Once you find the line with "Sony Cdx-C4850r Car" in the entries below, return exactly every line from it through the line with "Cut the cucumber".

Data START

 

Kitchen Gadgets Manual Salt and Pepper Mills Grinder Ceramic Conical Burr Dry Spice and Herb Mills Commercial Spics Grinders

Data END
Data START

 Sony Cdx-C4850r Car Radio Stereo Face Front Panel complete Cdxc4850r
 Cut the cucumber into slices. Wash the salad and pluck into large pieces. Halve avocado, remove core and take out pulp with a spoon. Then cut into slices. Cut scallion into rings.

Data END

> _Solution to this exercise_
 Sony Cdx-C4850r Car Radio Stereo Face Front Panel complete Cdxc4850r
 Cut the cucumber into slices. Wash the salad and pluck into large pieces. Halve avocado, remove core and take out pulp with a spoon. Then cut into slices. Cut scallion into rings.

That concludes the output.